Researchers develop new vaccine for lethal disease of pet parrots


Avian Bornavirus causes blindness, heart failure or intestinal blockage.

Researchers at the Texas A&M College of Veterinary Medicine and Biomedical Sciences (CVM) have developed a highly effective vaccine against a lethal disease that affects captive parrots, according to a university release. The disease, called proventricular dilation disease (PDD), is caused by the avian Bornavirus. The disease causes heart failure, blindness or intestinal blockage.

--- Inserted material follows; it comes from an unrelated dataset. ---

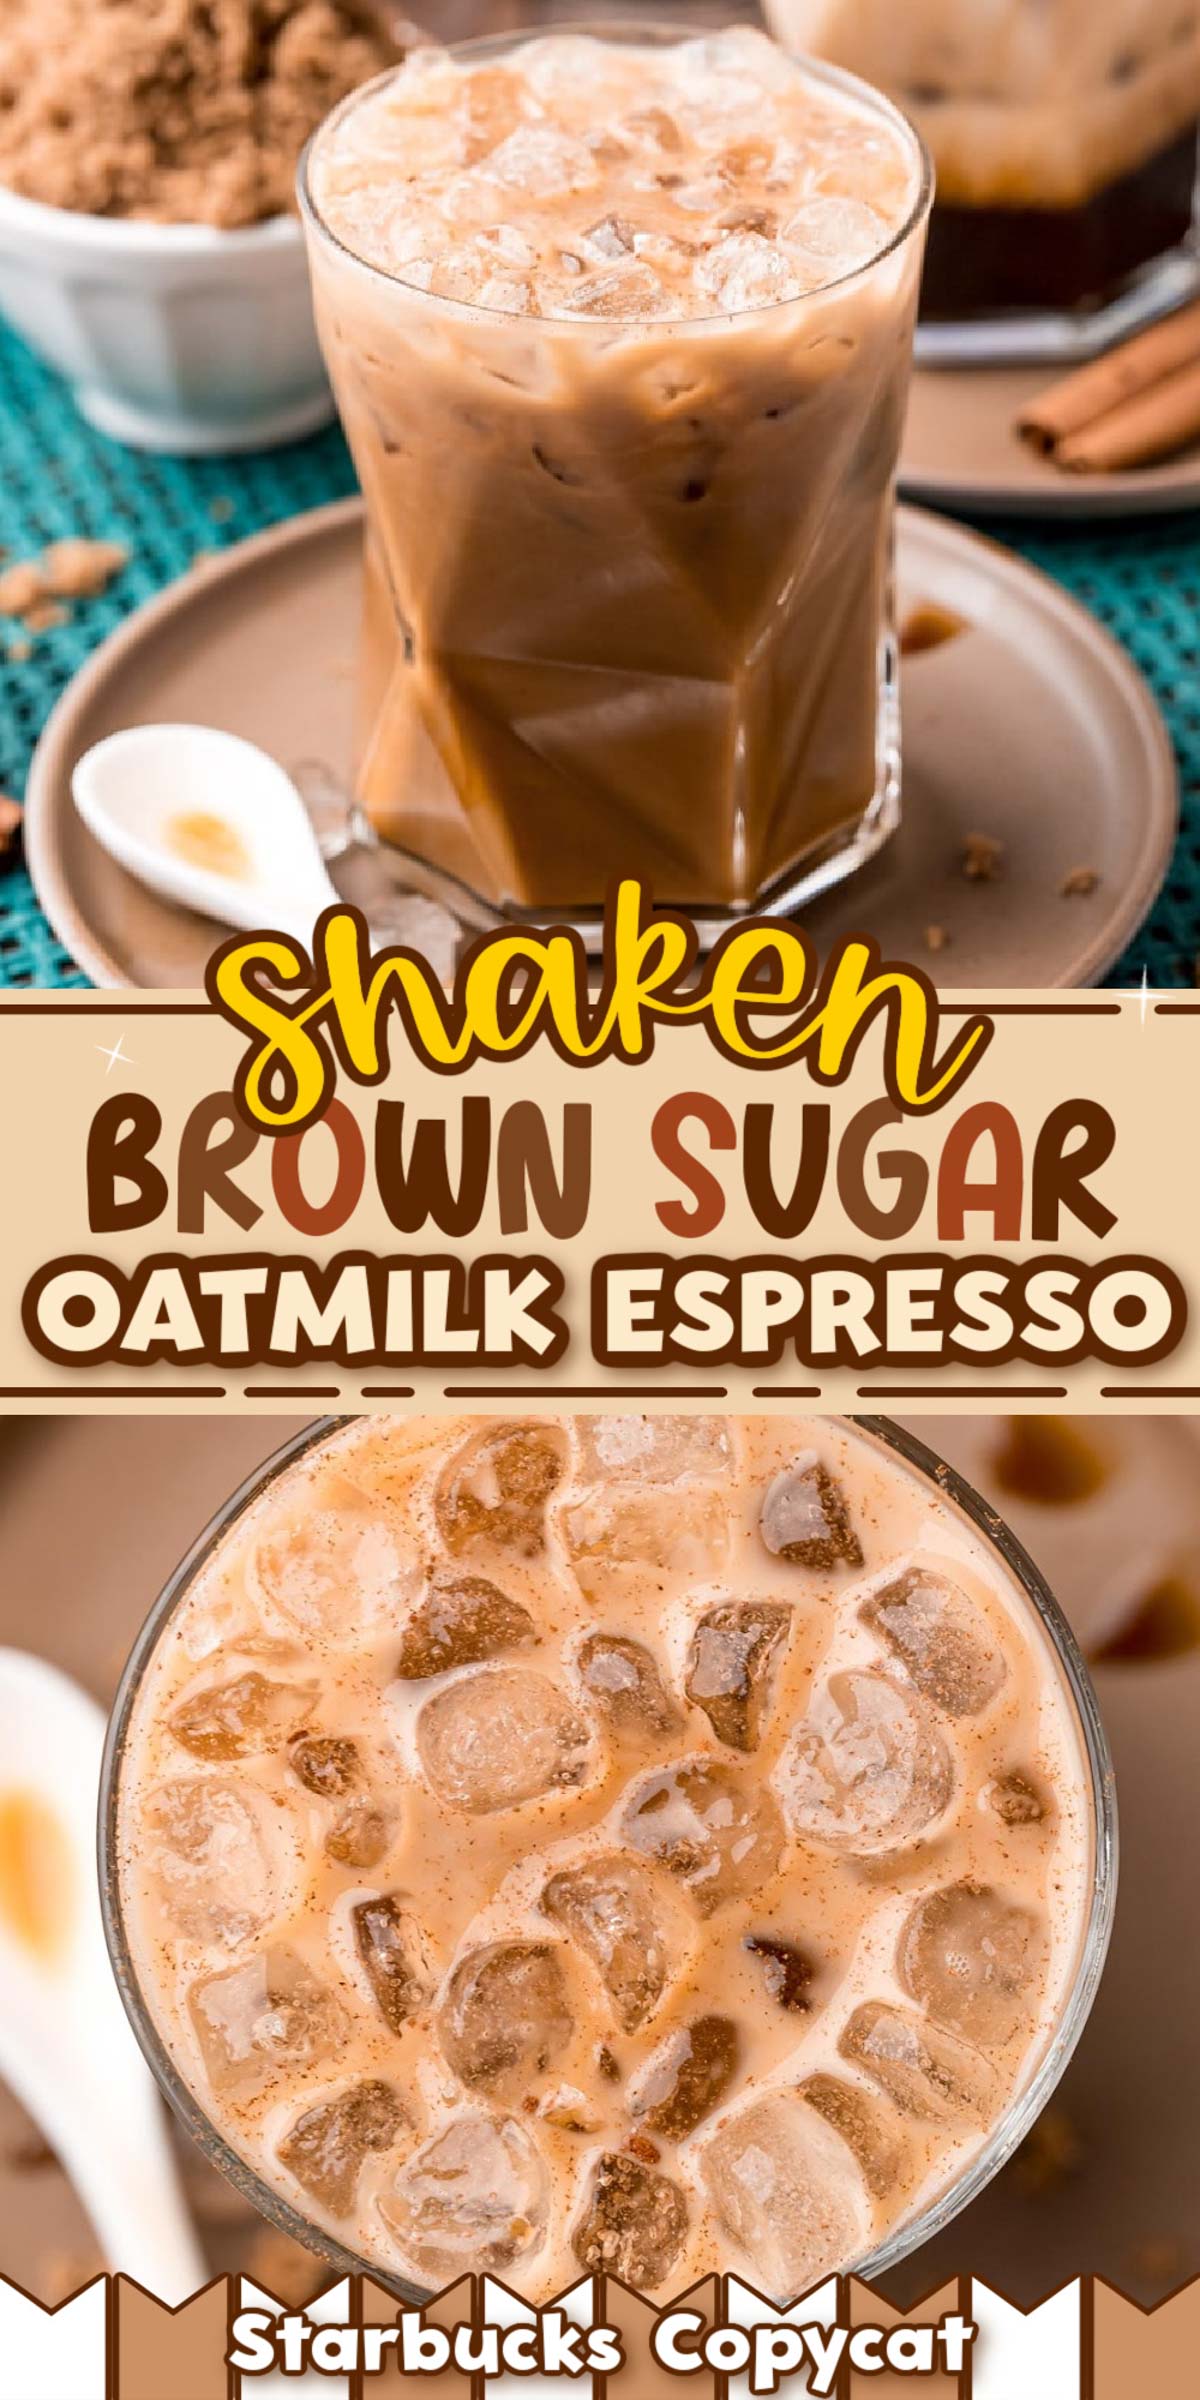 This Shaken Brown Sugar Oatmilk Espresso is a Starbucks Copycat recipe made with brown sugar simple syrup, espresso, oat milk, and cinnamon. It's easy, delicious, and in my opinion, even better than the original! via @sugarandsoulco

The use of the vaccine has prevented the development of disease in captive birds with no obvious adverse effects, the release states. The research was performed by Ian Tizard, BVMS, BSc, PhD, DACVM, Jianhua Guo, DVM, PhD, Susan Payne, PhD, and Samer Hameed, graduate student, who all work at the Schubot Exotic Bird Health Center at the CVM.

“Proventricular dilatation disease is an especially nasty infection that kills large numbers of captive birds each year,” says Tizard, the project leader, in the release. “Parrot owners are naturally very distressed when their beloved pet dies in such a manner. The new vaccine is expected to stop the development of this disease and prevent much suffering.”

The next step in developing the vaccine is to seek licensure from the United States Department of Agriculture and then manufacture it commercially, the release states.